▶ **Problem statement**
Would you print the lines below exactly, beginning at the line that has "Kitchen Tile Grout Cleaner" and stopping after the line that has "DIY Tile Grout Cleaner The Cards We Drew"? Only those lines, and no pictures.

▶ **Data section**
----
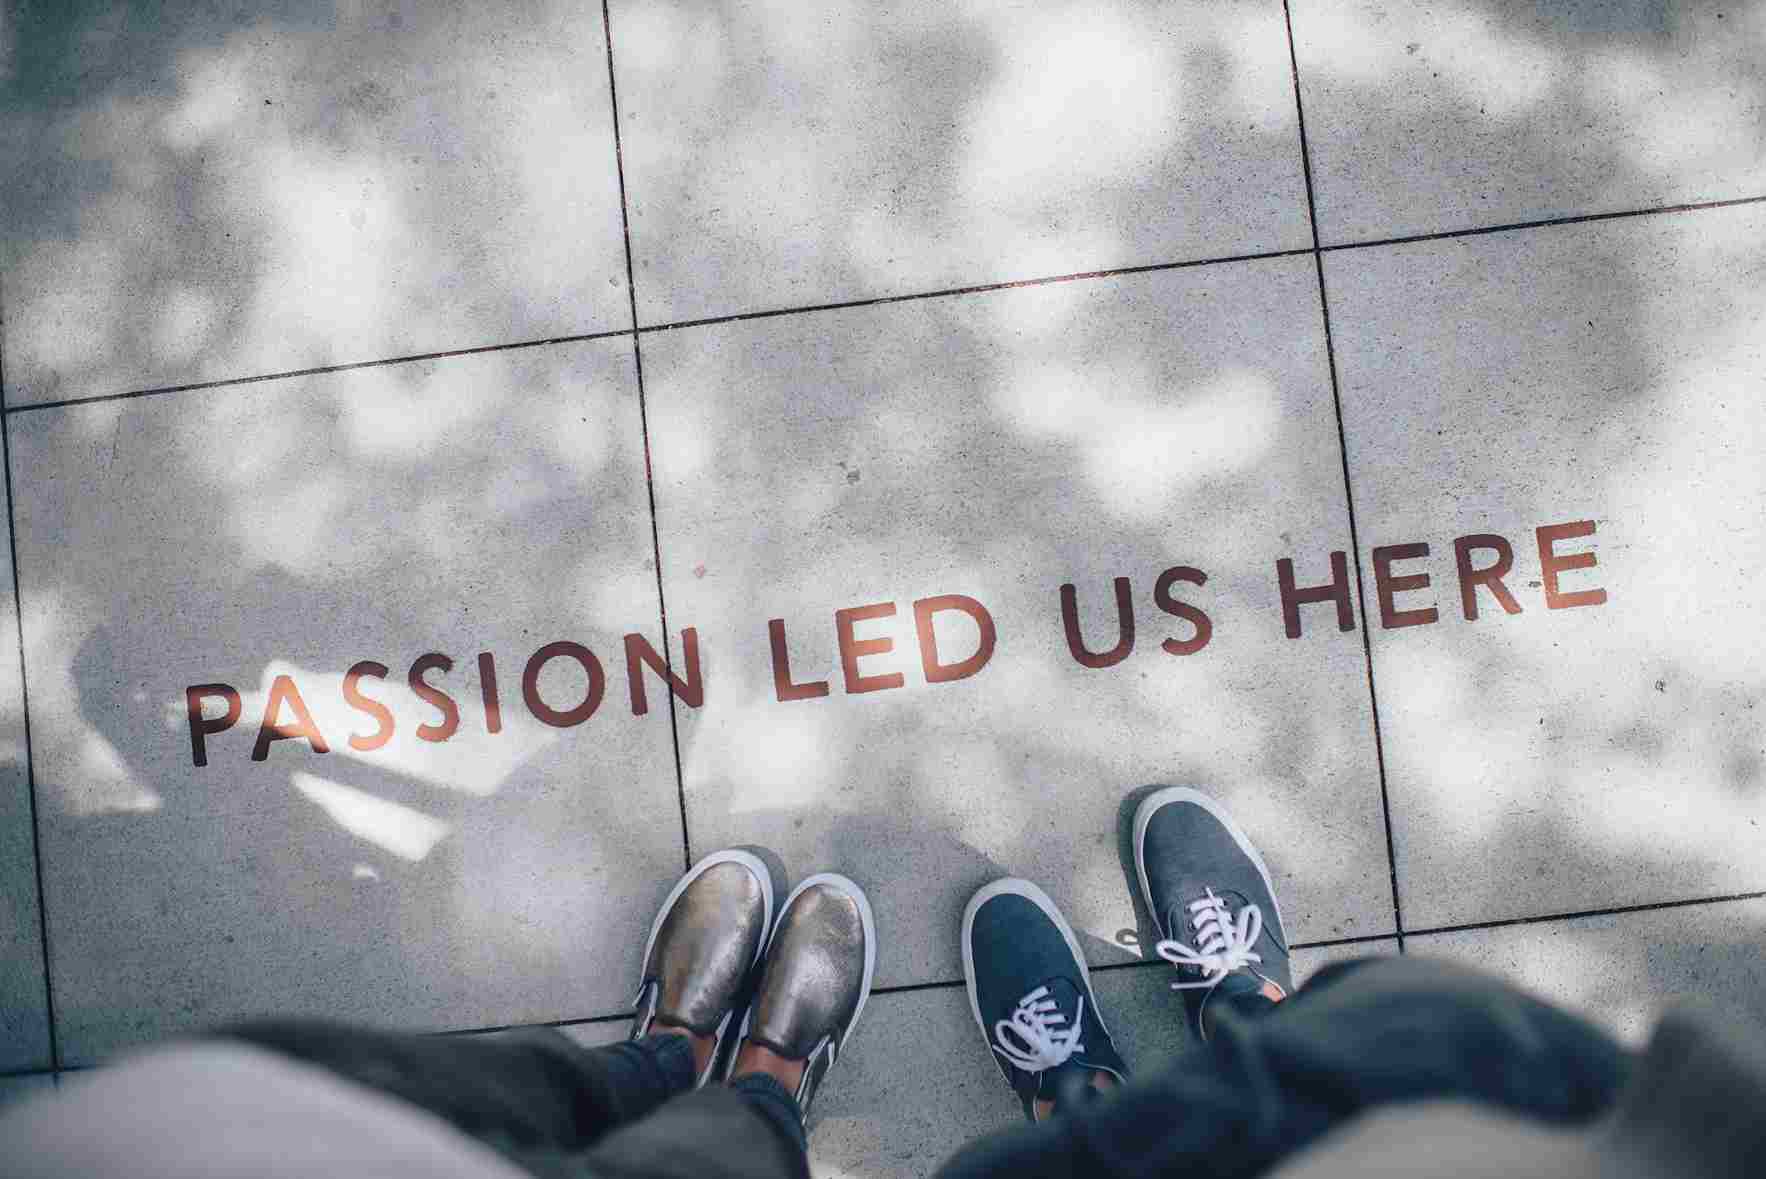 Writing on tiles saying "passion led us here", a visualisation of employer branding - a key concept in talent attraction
----
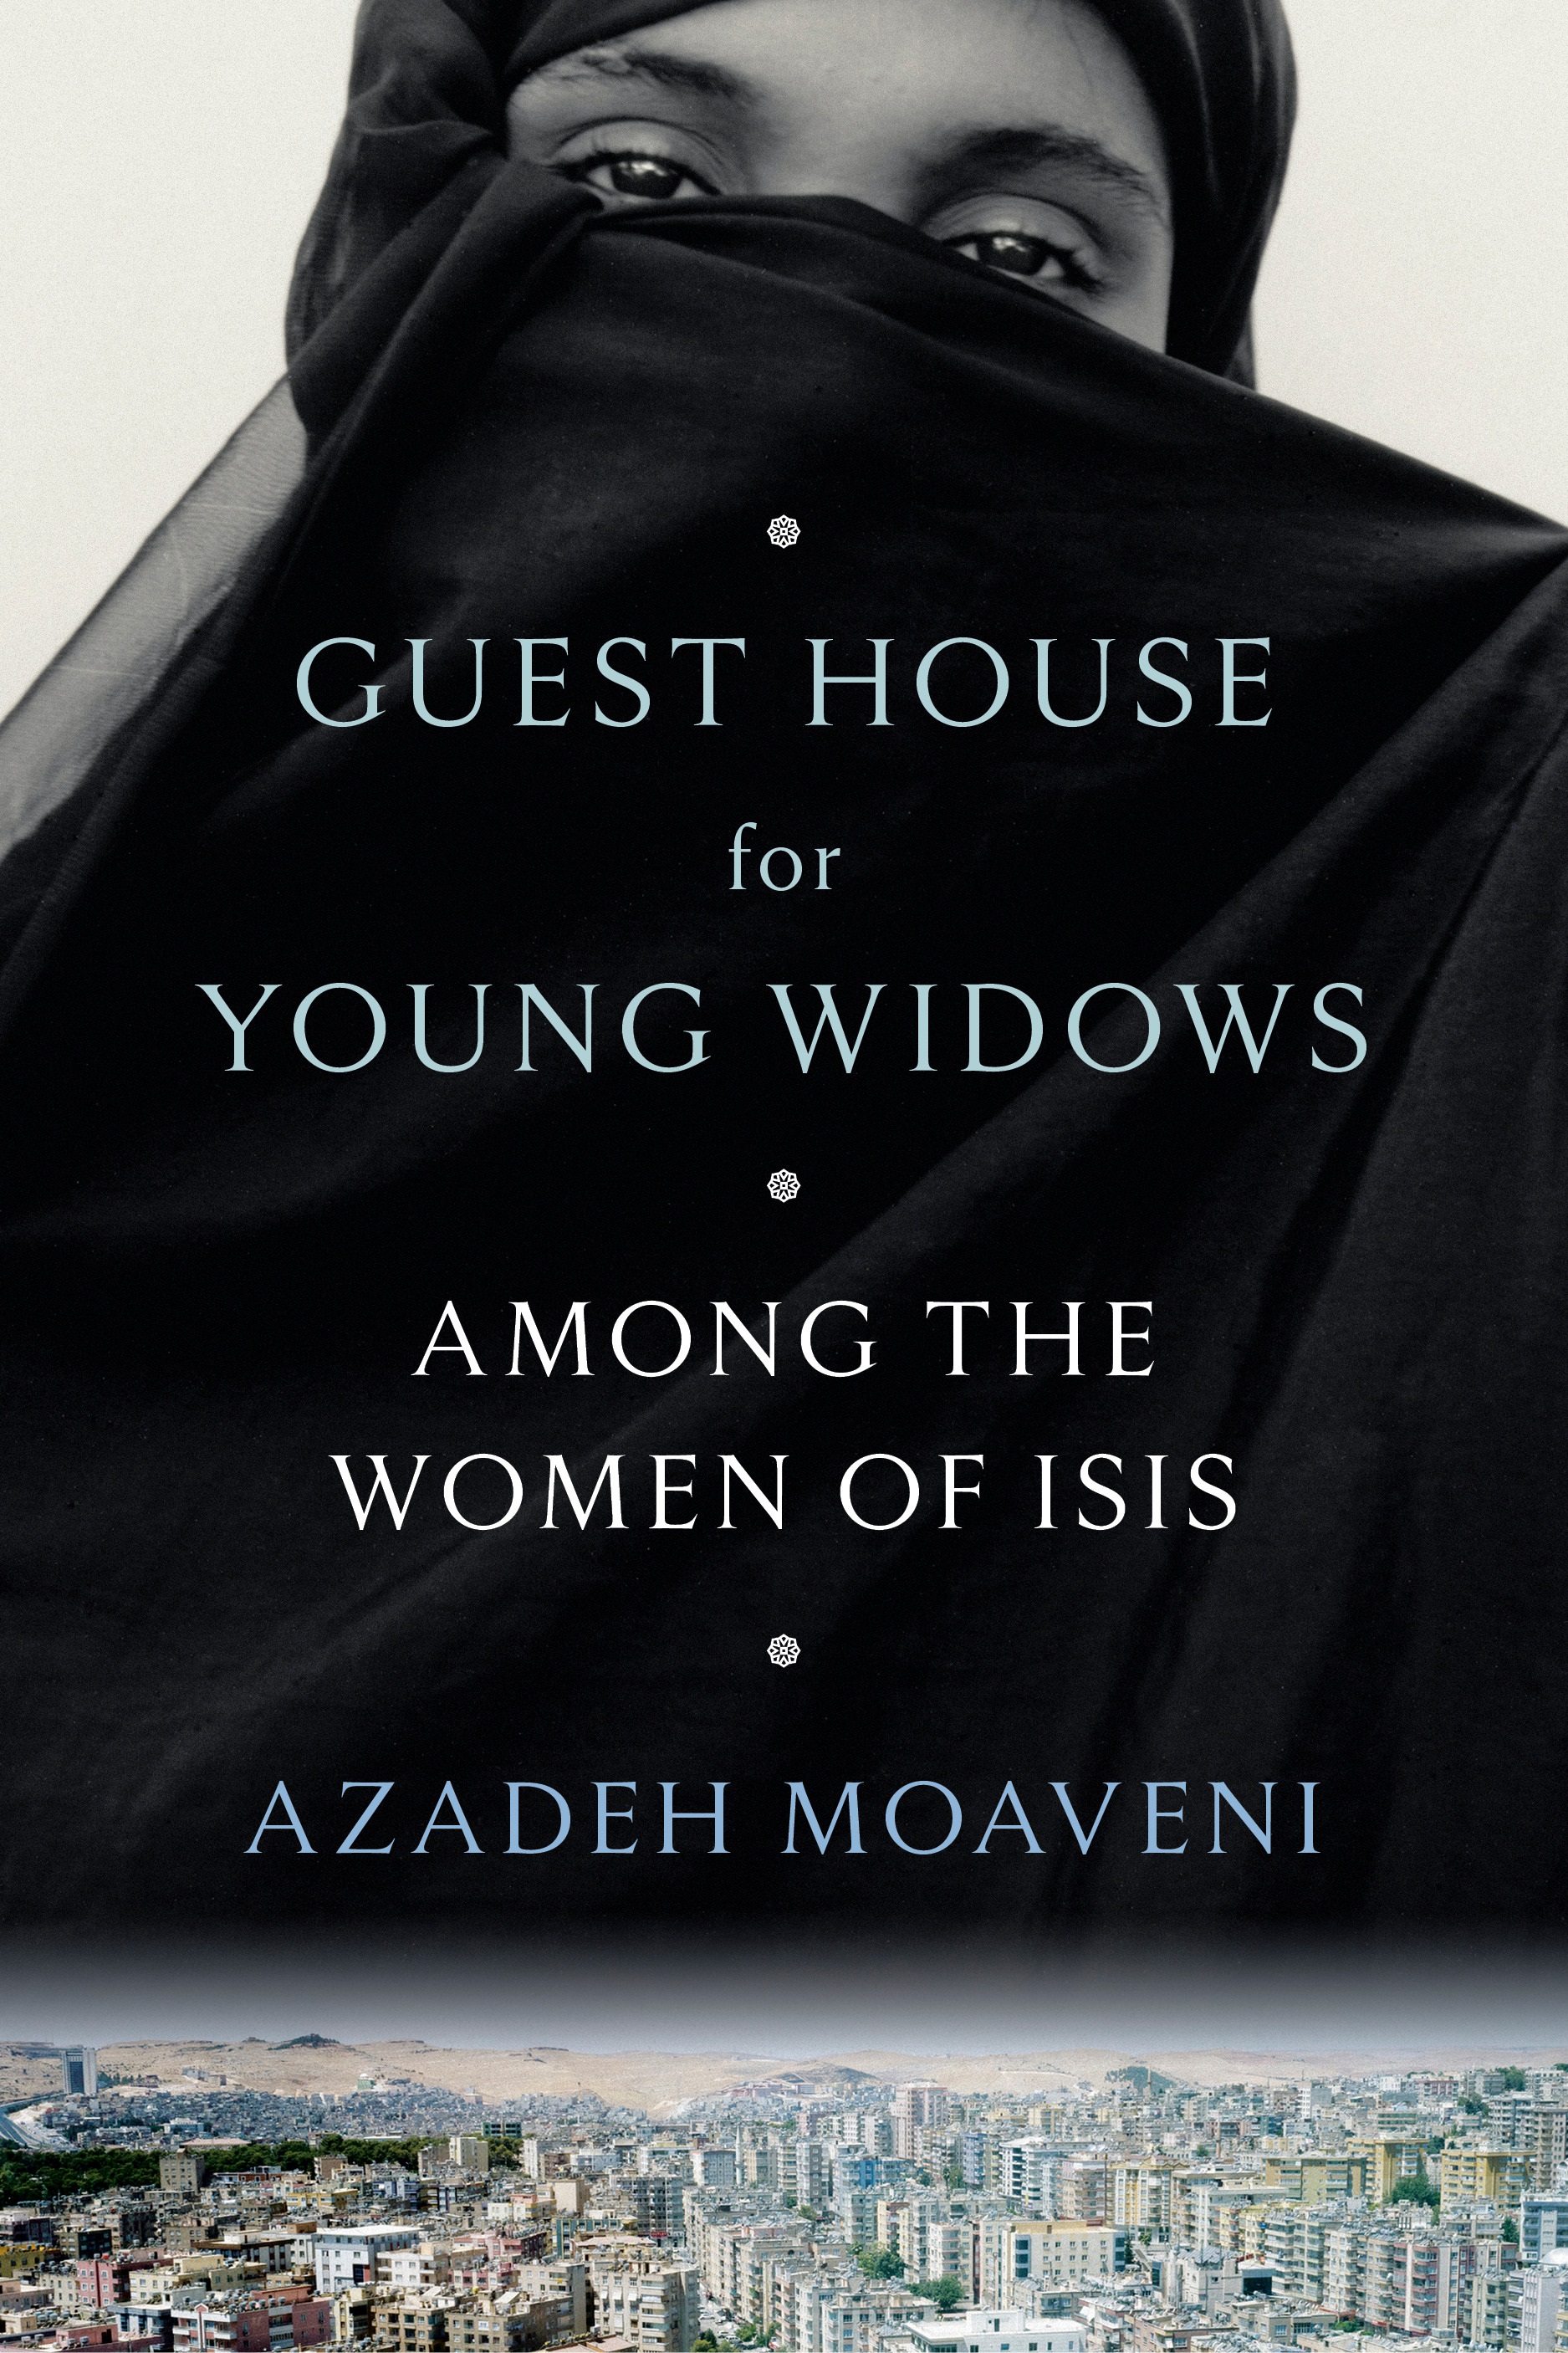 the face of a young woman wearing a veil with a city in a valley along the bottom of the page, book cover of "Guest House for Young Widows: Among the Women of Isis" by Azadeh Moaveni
----
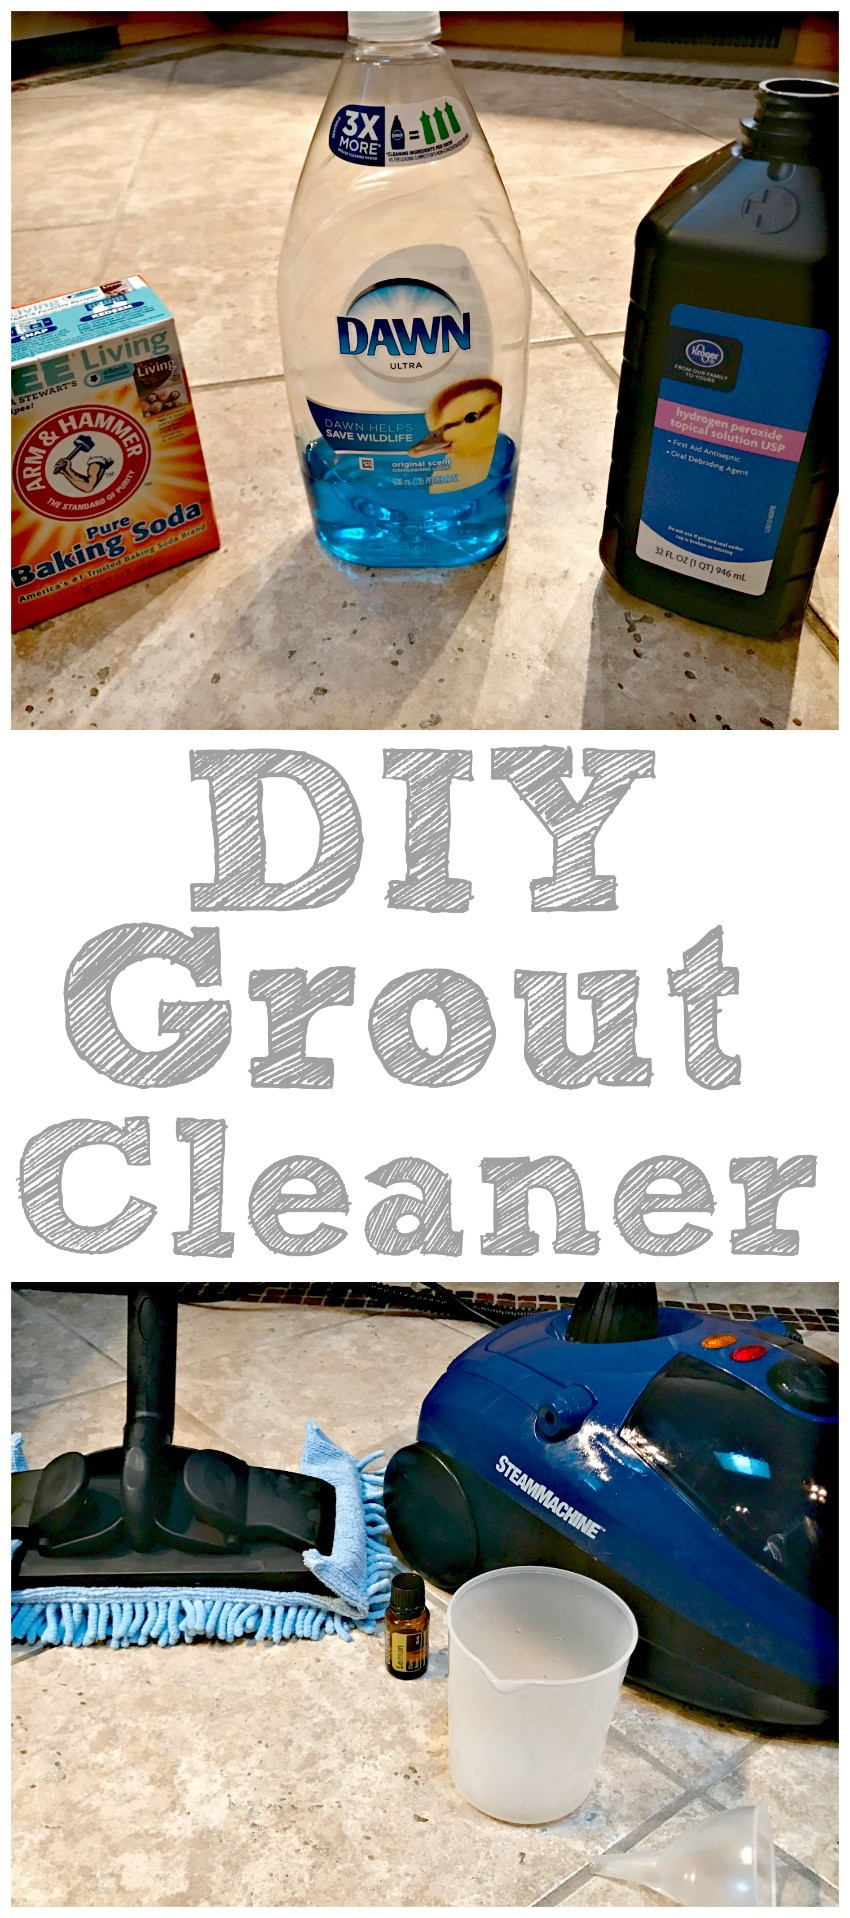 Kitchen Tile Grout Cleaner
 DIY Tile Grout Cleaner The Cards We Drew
----
▶ **Exercise response**
 Kitchen Tile Grout Cleaner
 DIY Tile Grout Cleaner The Cards We Drew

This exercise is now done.